> _YOUR INSTRUCTIONS_:
Exact copies of the lines below are the goal; any images in them are dropped.

> _RAW DATA_:
——————————

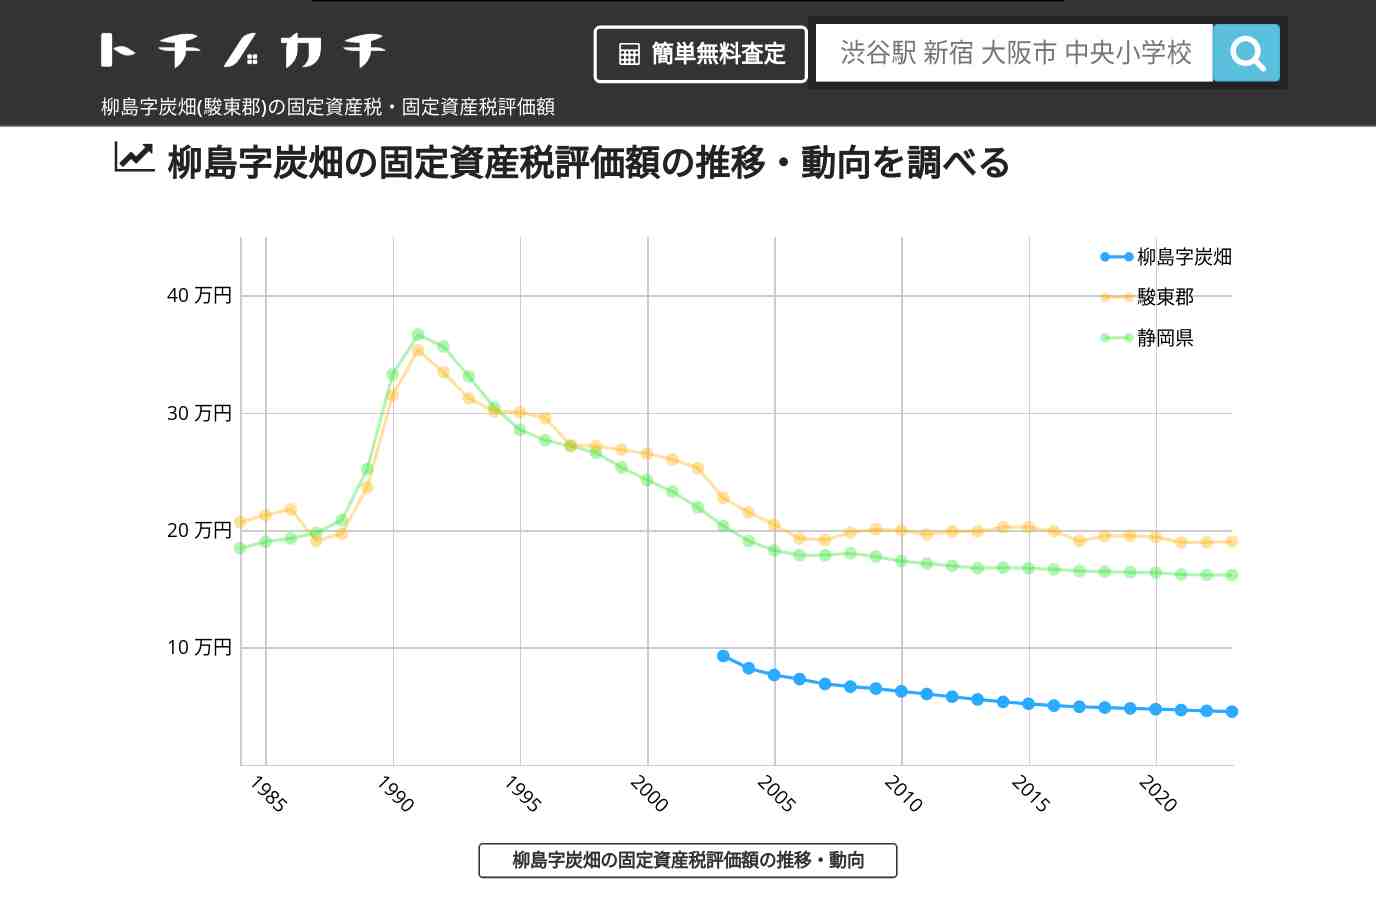 柳島字炭畑(駿東郡)の固定資産税・固定資産税評価額 | トチノカチ
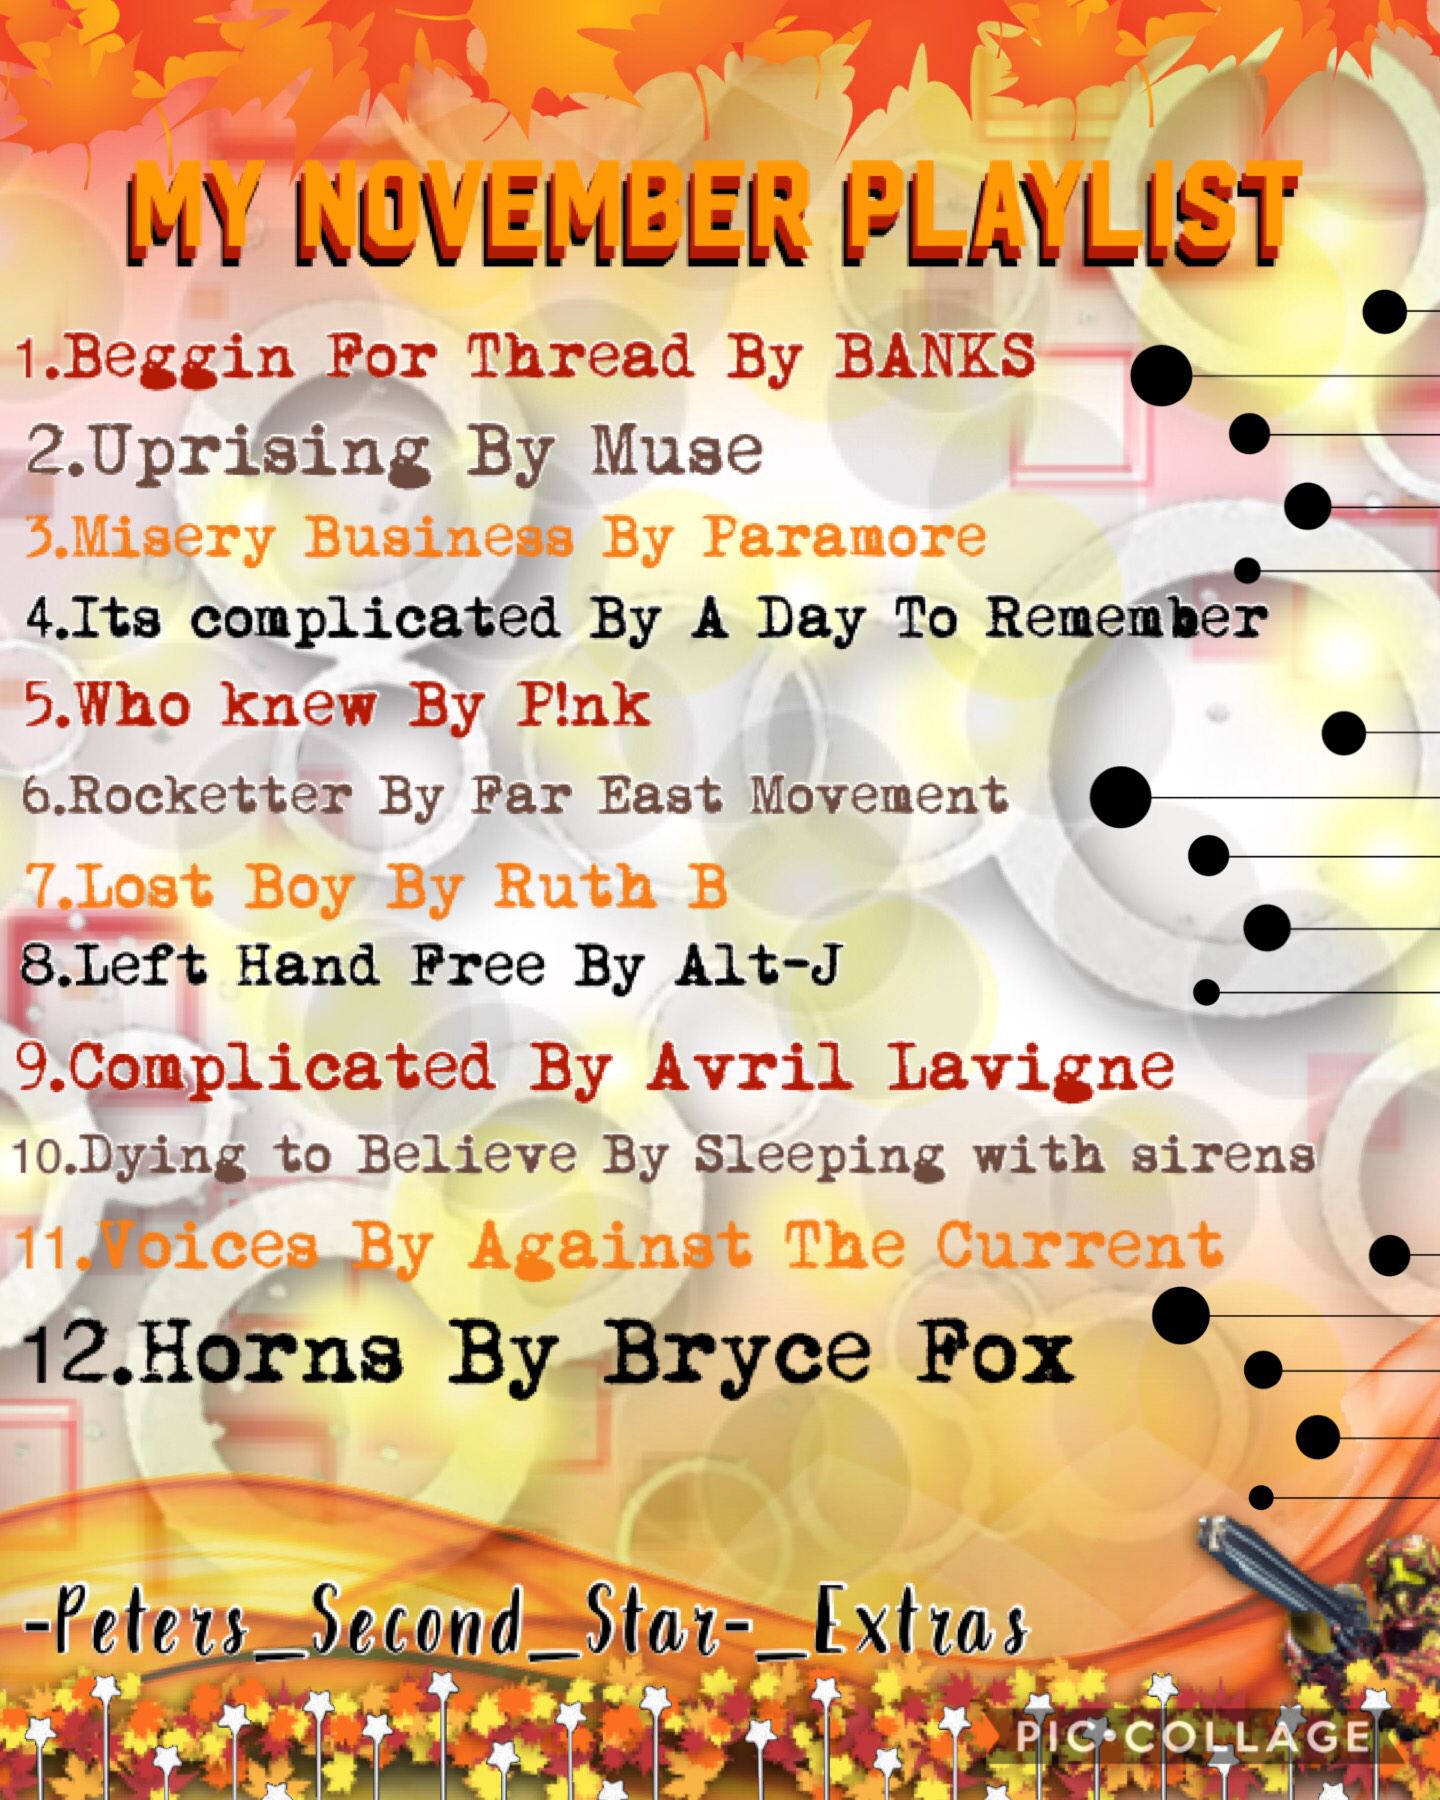 Tapp!!!

My November playlist 😁♥️❤️

——————————

> _REPLY TO THE TASK_:
 柳島字炭畑(駿東郡)の固定資産税・固定資産税評価額 | トチノカチ
 Tapp!!!

My November playlist 😁♥️❤️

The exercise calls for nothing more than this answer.